5 reasons I started talking to my 6 year old about money

Updated: May 20, 2020

Yes, you read that right — I talk to my six-year-old about money. While she talks to me about her class curriculum that requires her to learn about the basics of currency, notes and coins, I take it as yet another opportunity to engage with her on a few basic personal finance concepts.

Now, she may be really young, but having conversations about money is not uncomfortable or unusual for either of us. This is because making her a financially independent and informed adult is one of my top parenting goals.

Here’s why I think it is so important:

Money will be an inevitable part of her life

The pace at which the world is changing, the focus is not on passing down what works today, but on enabling her to make decisions for herself tomorrow. Teaching about money is an effort in that direction: she will earn it, she will be forced to deal with it (spend, splurge, save — do something!) and will definitely struggle with a lot of ‘noise’ on the subject once she gets to it.

Teaching her the value of work

I’ve dealt with ‘working mom’s guilt’ for many years. But now, I take it as an opportunity to discuss the ‘value of work’ with my daughter and to teach her that earning money requires us to put in deliberate efforts. There is no shortcut to being wealthy or affording the lifestyle that we do.

To help her understand the sense of satisfaction which comes with earning your own money, we have started charting out 3 chores for her per week (mutually discussed and agreed upon).

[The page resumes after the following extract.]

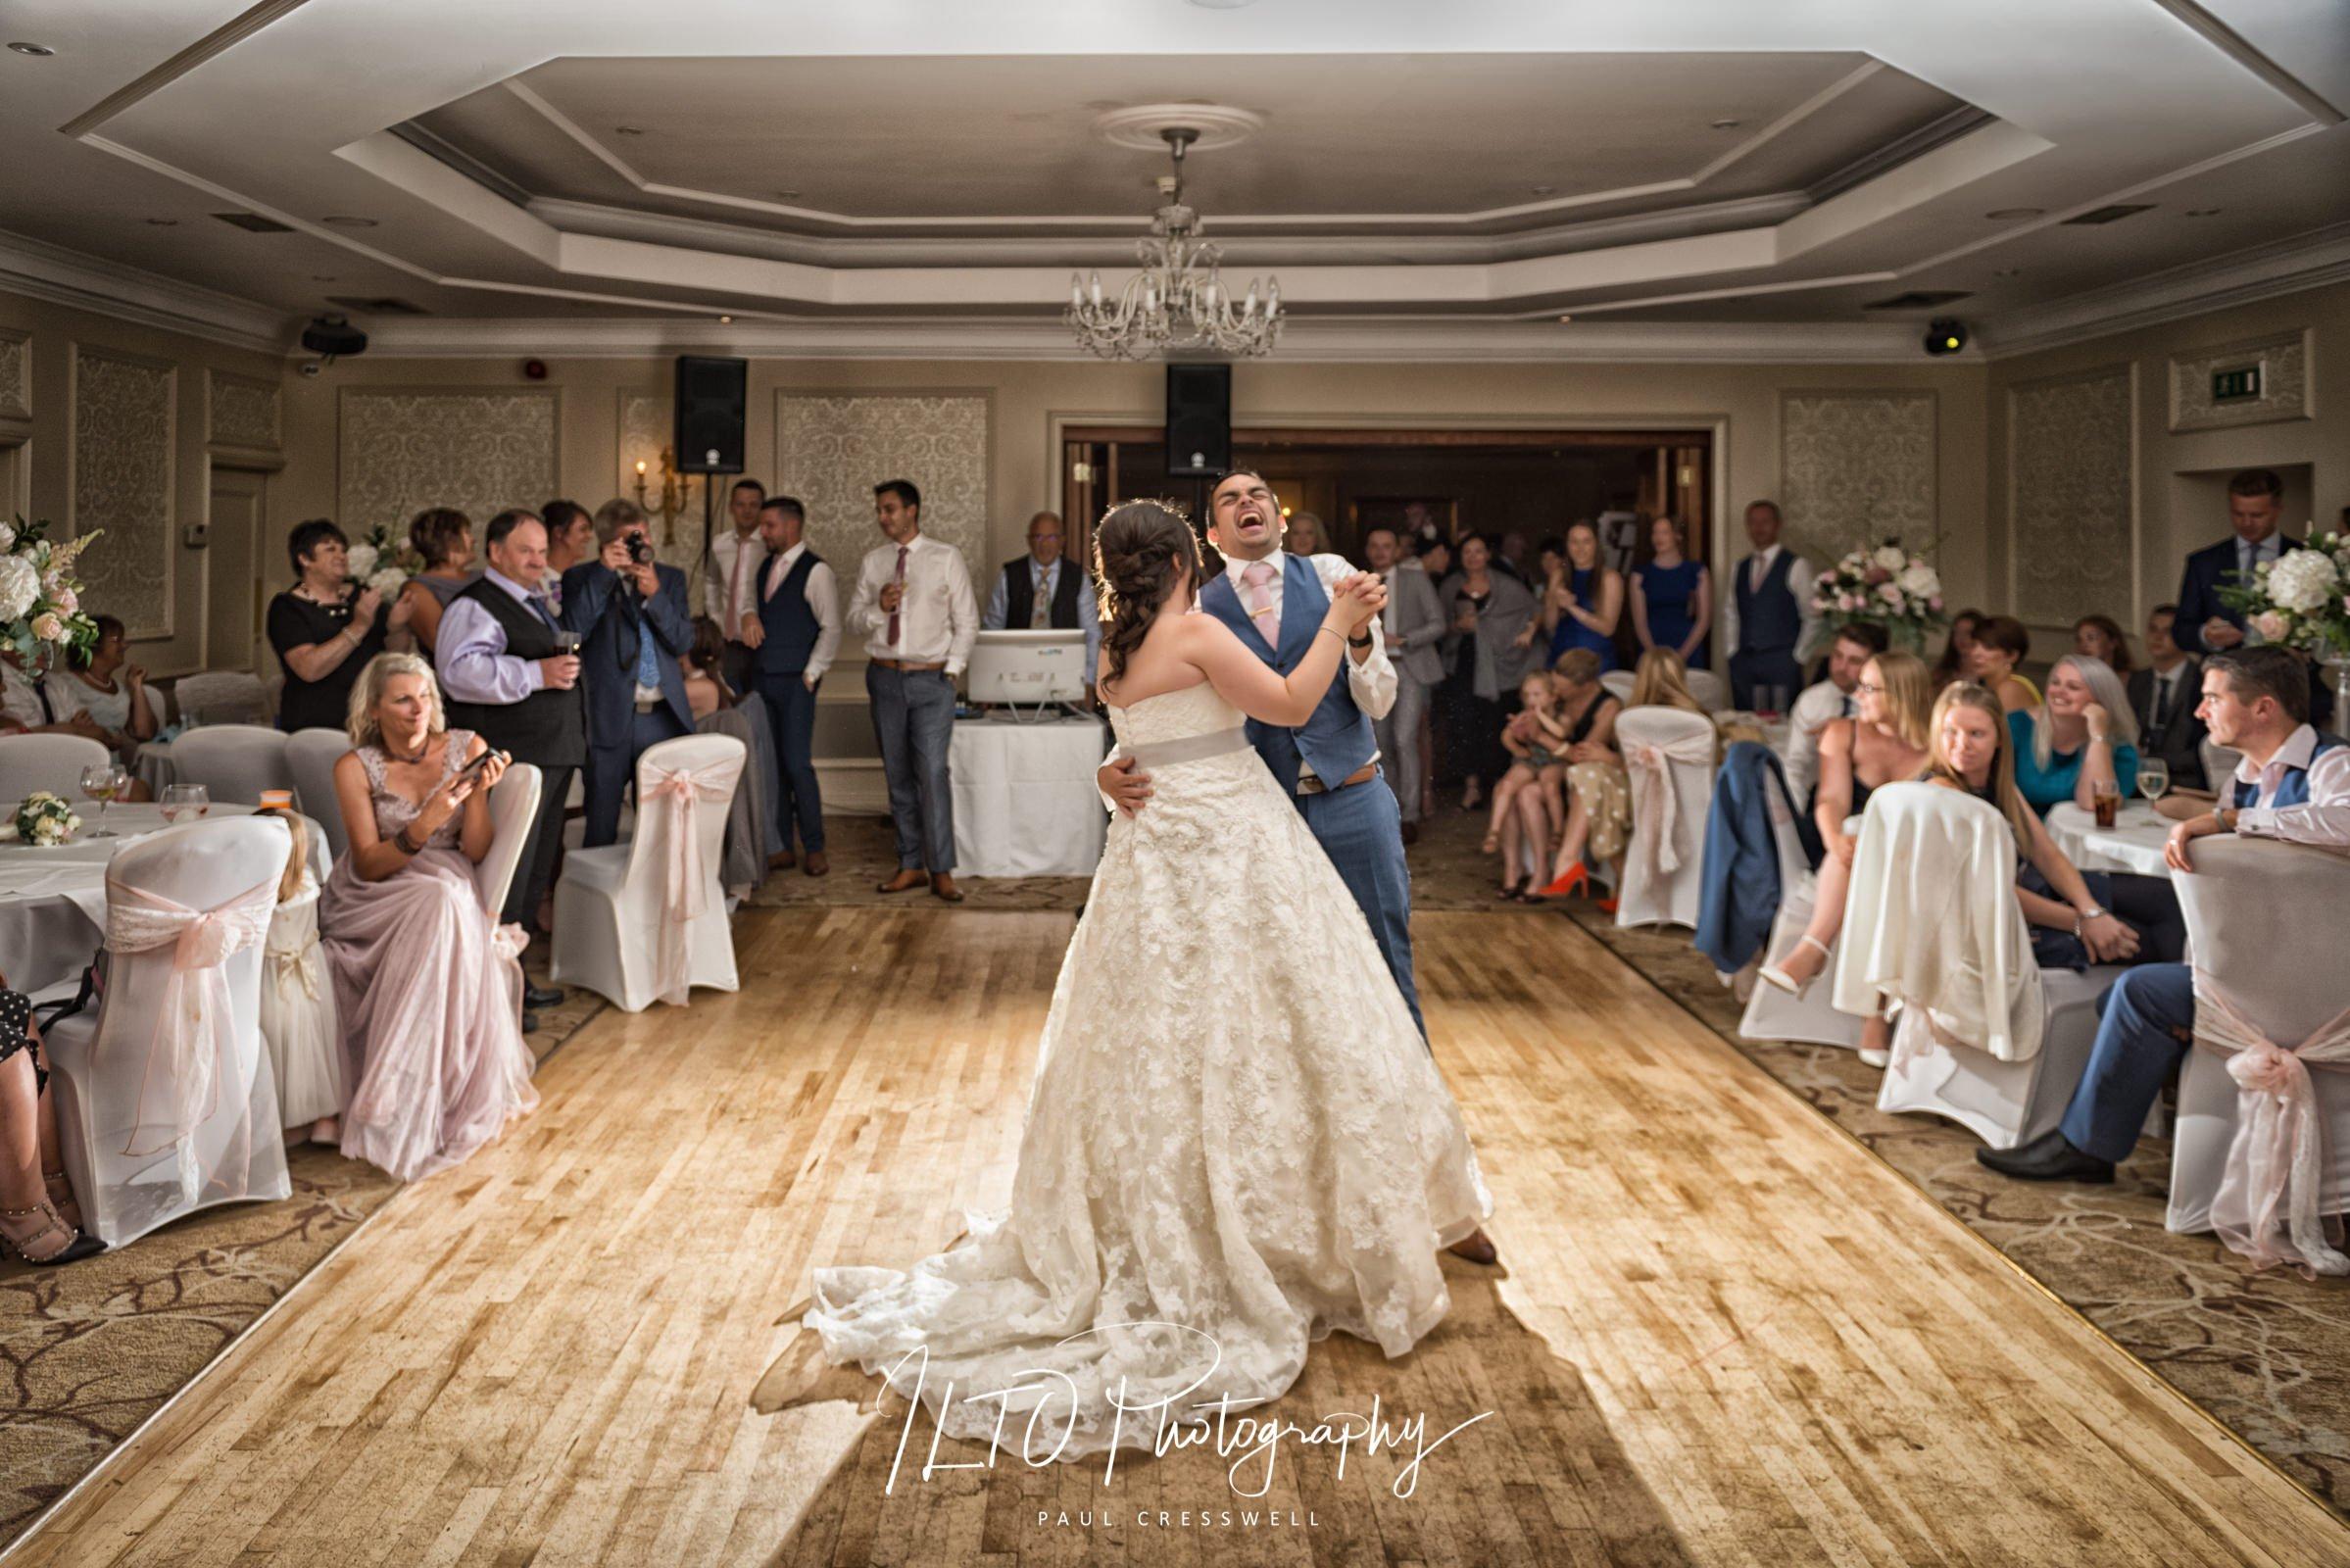 Funny wedding photos first dance wentbridge house hotel

Basis this, she earns her weekly ‘income’. Even though we aren’t super-regular with this, it has given me a chance to discuss with her ‘action and reward’ and ‘happiness of doing your own work’.

*Also, as a rule these chores are not to be confused with getting paid to help around the house.

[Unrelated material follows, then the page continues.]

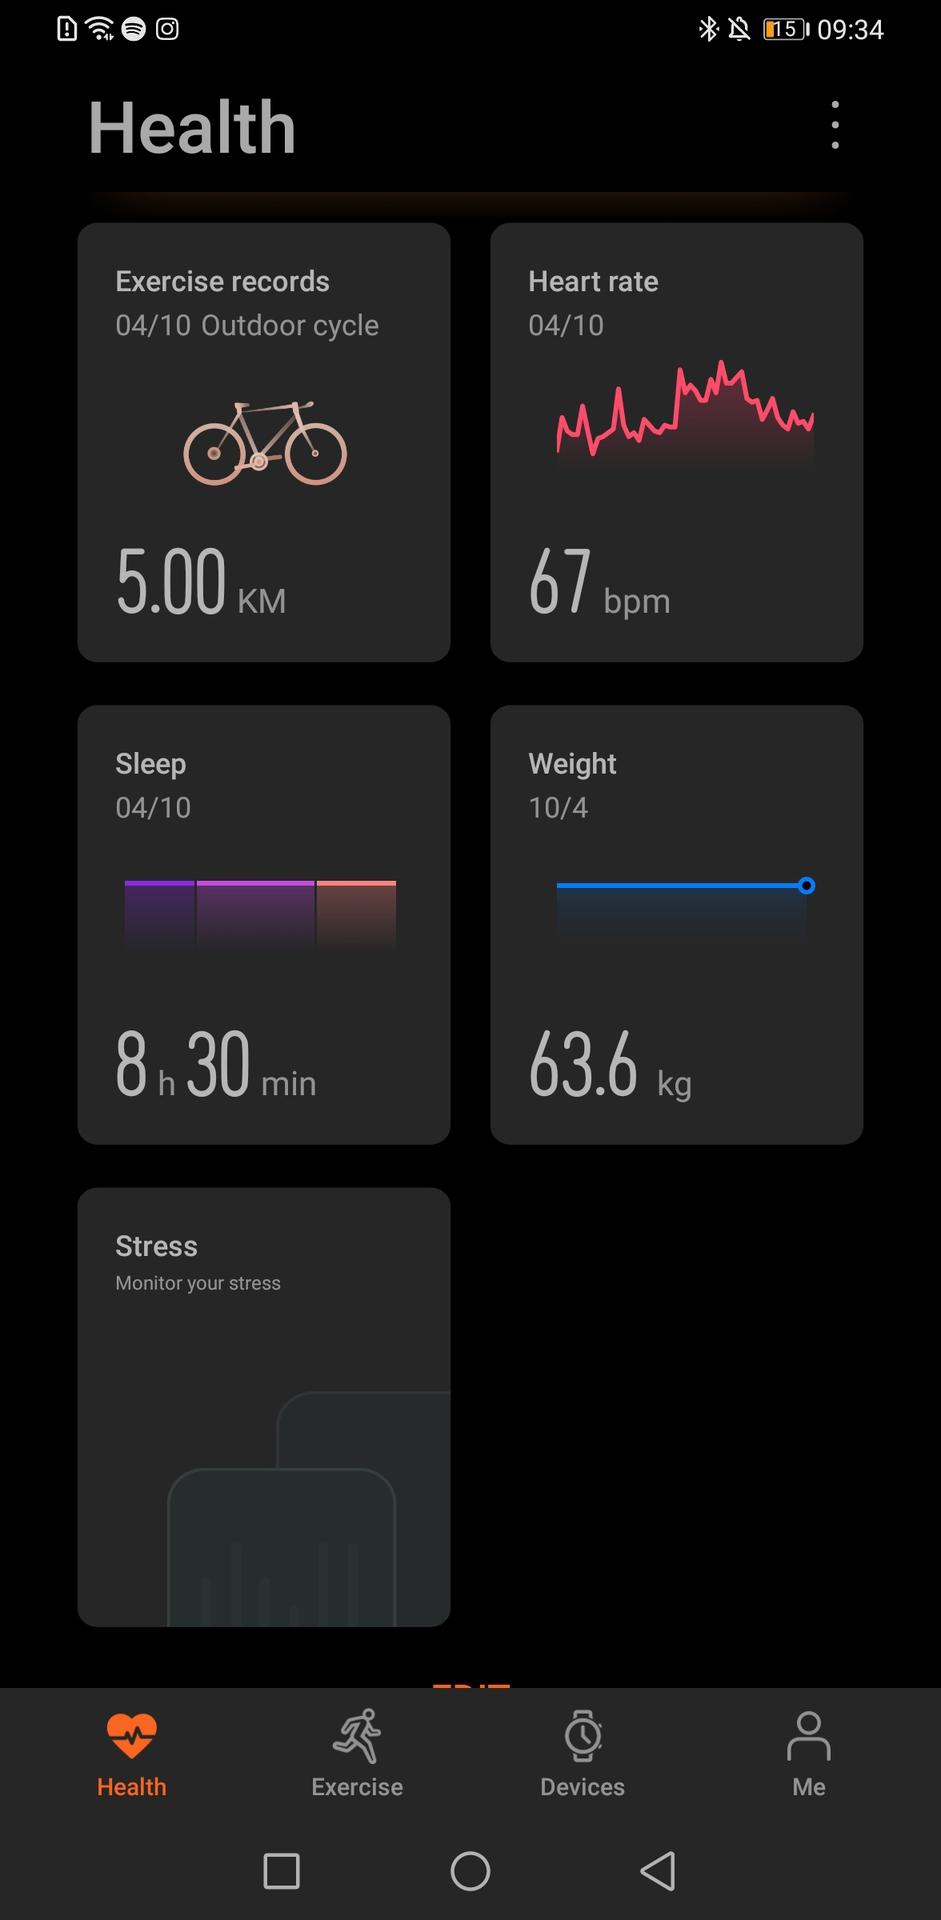 Huawei Health App Health page

It’s okay to get nice stuff as long as it’s within a budget

Let’s accept it. My daughter’s generation is spoilt for choice. There are new dolls, legos, shopkins, num nums and a hot new ‘trending’ toy every week. This decision between what she needs and what she wants will only get harder for her. Working within a budget — today, one set by me, tomorrow it will be set by her — will give her a sense of clarity on what really is her definition of ‘value for money’. There is nothing confining, restraining or miserly about having a budget and living with it.

She has already started demonstrating her understanding of budget and value when I take her out shopping. I hear no tantrum, no excuse, no aggression when I refuse a high priced item. She has started negotiating with me on what her options are, what she really does not have and would like, and how much am I willing to spend. Sounds unbelievable, right?

The joy of delayed gratification — saving up for something special

Every financial advisor worth her salt knows that having a clearly defined goal makes all the difference in reaching it. Working towards a goal teaches us to delay our gratification today for something special tomorrow. Our kids need to see the benefits of holding on. Because they will always have the option of not needing to.

Once we set up the chores, the next step is to link the income with a goal for her. A hook that would keep her interested. Because she adores her dog-sister, I used her upcoming birthday as the perfect excuse. Together we looked up the perfect colorful ball as a gift, and defined how much was needed. I took up 50% of the spend — provided she put up her share of the deal. Voila! Two months later, slow but steady, my 6-year old made it happen!

She should have a healthy money story

Money is one of the least discussed topics within families today. This makes it seem complex, mysterious, uncomfortable. We all have our own money stories which are created when we saw our parents deal with money — sometimes through arguments or uneasy exchange of glances, or even worse, when it’s not discussed at all. As adults, this story defines our relationship with money. If we were deprived of things as kids, we could end up becoming indulgent shoppers, with a sense of ‘ I deserve this’. If we saw arguments because of it, we could have find it difficult to discuss money with our partner, treating it as a subject of conflict.

By sharing, discussing and ideating together, my attempt is for her to treat money simply as a tool to help lead the life which gives her joy and satisfaction. I want her to pass on the same story to the next generation.

It’s not easy being a parent, especially communicating about subjects which are alien to us as well. But being deliberate in our parenting, to prepare our kids to make decisions in a world we haven’t experienced, is the only real thing we can do.